La scomparsa dell'agenda rossa e di altri documenti, subito dopo la strage di via D'Amelio, è stata avvolta da un intrico di narrazioni, suggestioni e clamorose bufale. Basti pensare alla leggenda degli uomini in giacca e cravatta che avrebbero sottratto l'agenda dalle macerie ancora fumanti.

Questa tesi, alquanto surreale e fondata principalmente sulla deposizione del poliziotto Francesco Maggi, è stata però smentita dalle motivazioni di primo grado del processo “Borsellino quinquies”. D’altronde, un'attenta analisi delle testimonianze, a partire dal primissimo verbale dell'unico sopravvissuto della scorta, delinea un quadro diverso: poco meno di due minuti dopo l'attentato, è arrivata sul luogo la prima volante della polizia, subito dopo i vigili del fuoco e i magistrati.

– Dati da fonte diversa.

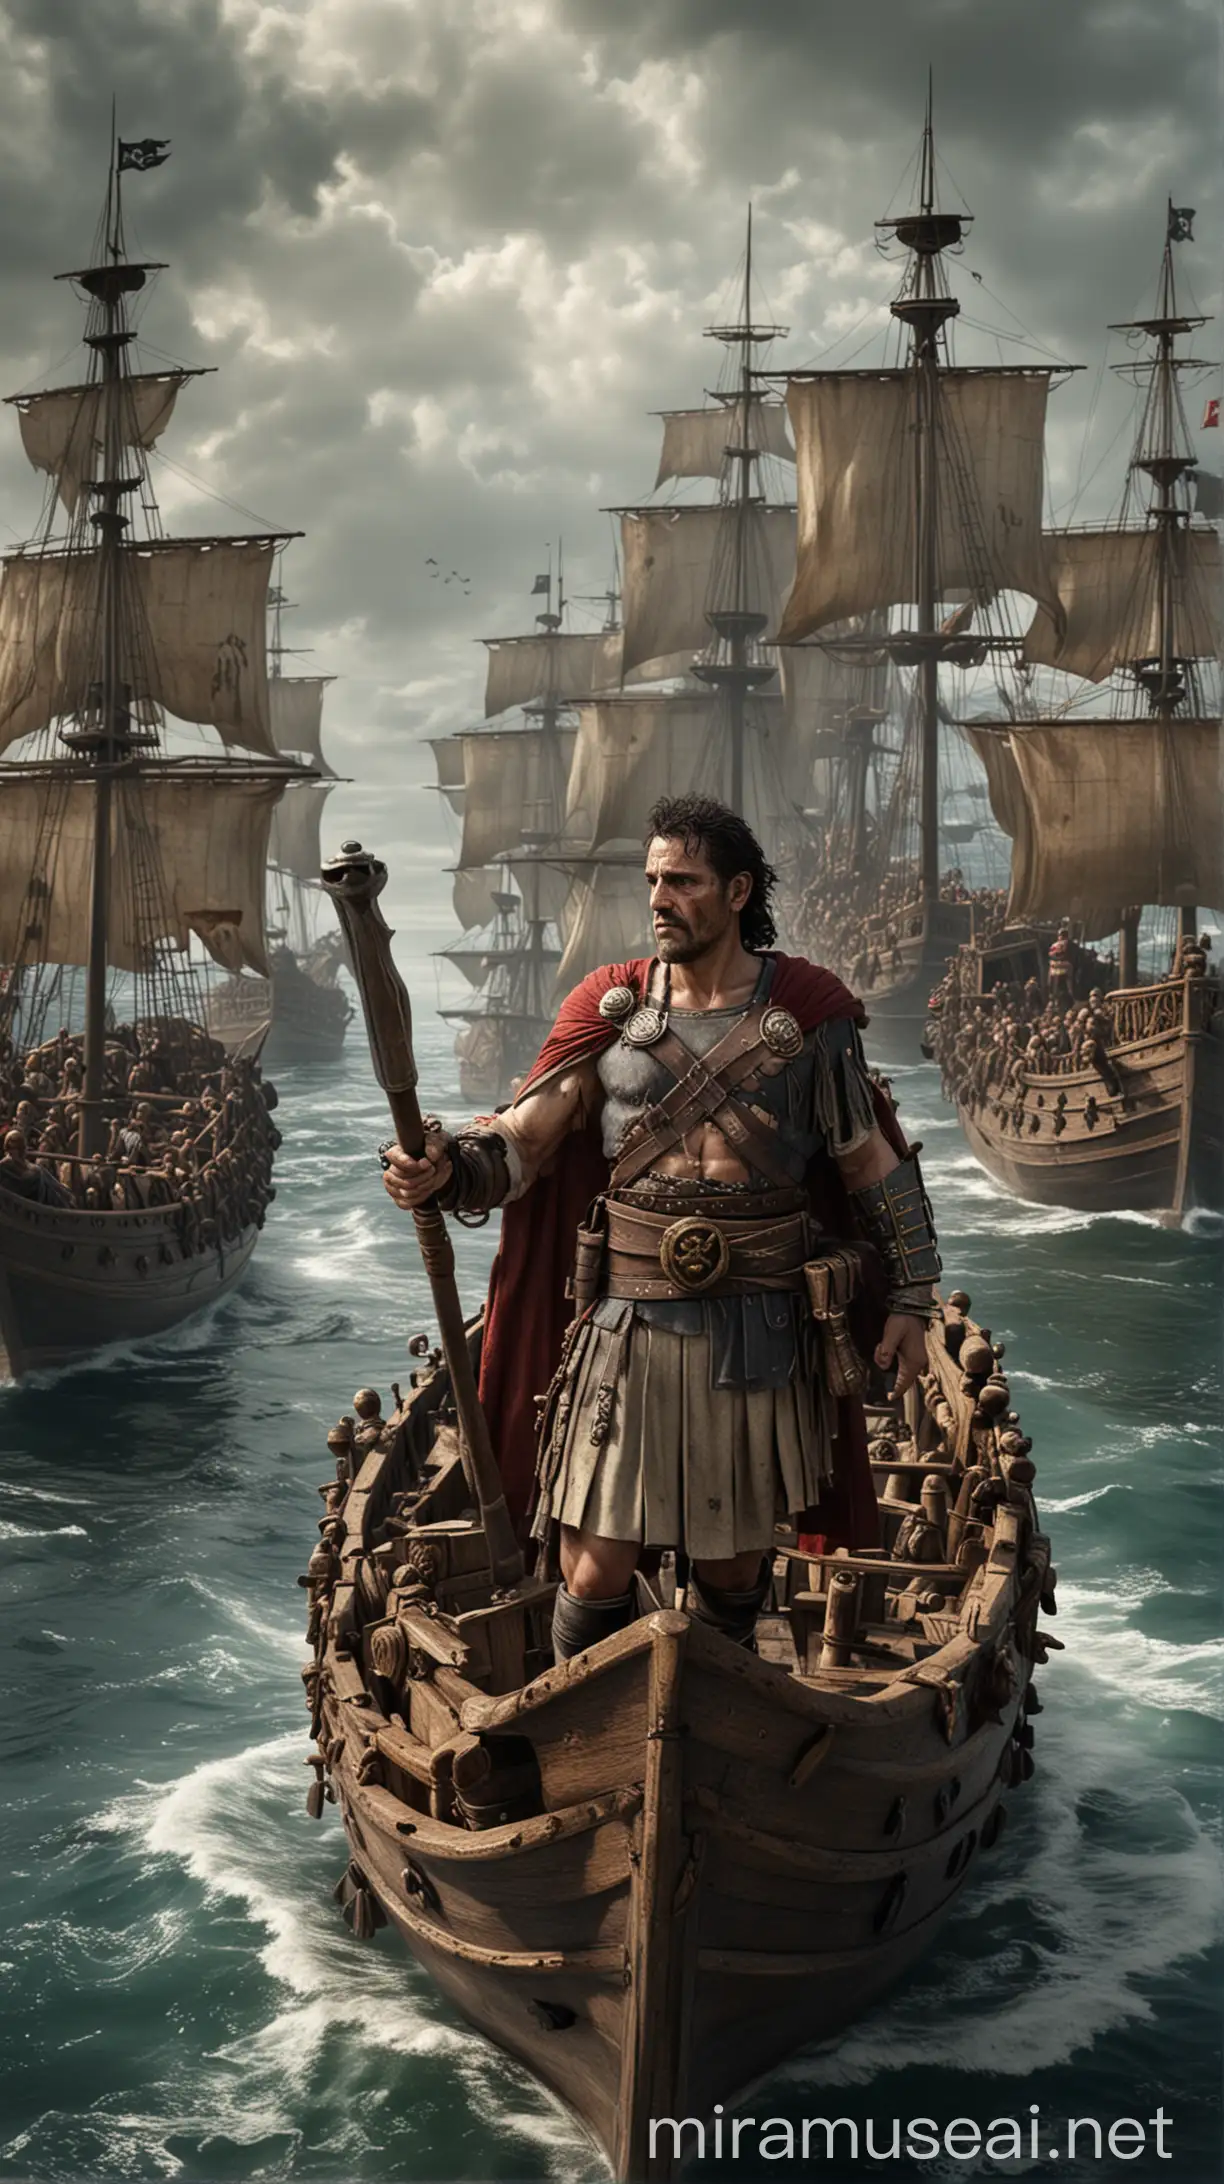 Caesar Leading Fleet of Ships to Pirates Stronghold in Hyper Realistic Scene

In poco tempo, la folla ha invaso la scena del crimine. Nessuno di questi testimoni ha avvistato presunti “man in black”.

Le indagini successive hanno ricostruito il percorso della borsa di Paolo Borsellino, che è passata di mano in mano fino ad arrivare, semivuota, alla questura. Come emerge da un bell'articolo di Saverio Lodato su L'Unità (pagina 3 del 21 luglio 1992), la valigia, con poco contenuto all'interno, fu depositata in una scatola di cartone e riposta in cassaforte da Arnaldo La Barbera, sotto gli occhi del giornalista e di altri colleghi.

Rimane dunque irrisolto il mistero della sottrazione dei documenti. Eppure, sappiamo con certezza, come riportato anche nell'ultimo libro di Vincenzo Ceruso, che almeno un documento contenuto nella borsa, il fascicolo di Mutolo, finì in Procura. Come sia avvenuto questo passaggio è un enigma che sembra non interessare, nonostante offrirebbe importanti indizi su chi ha sottratto i documenti dalla borsa.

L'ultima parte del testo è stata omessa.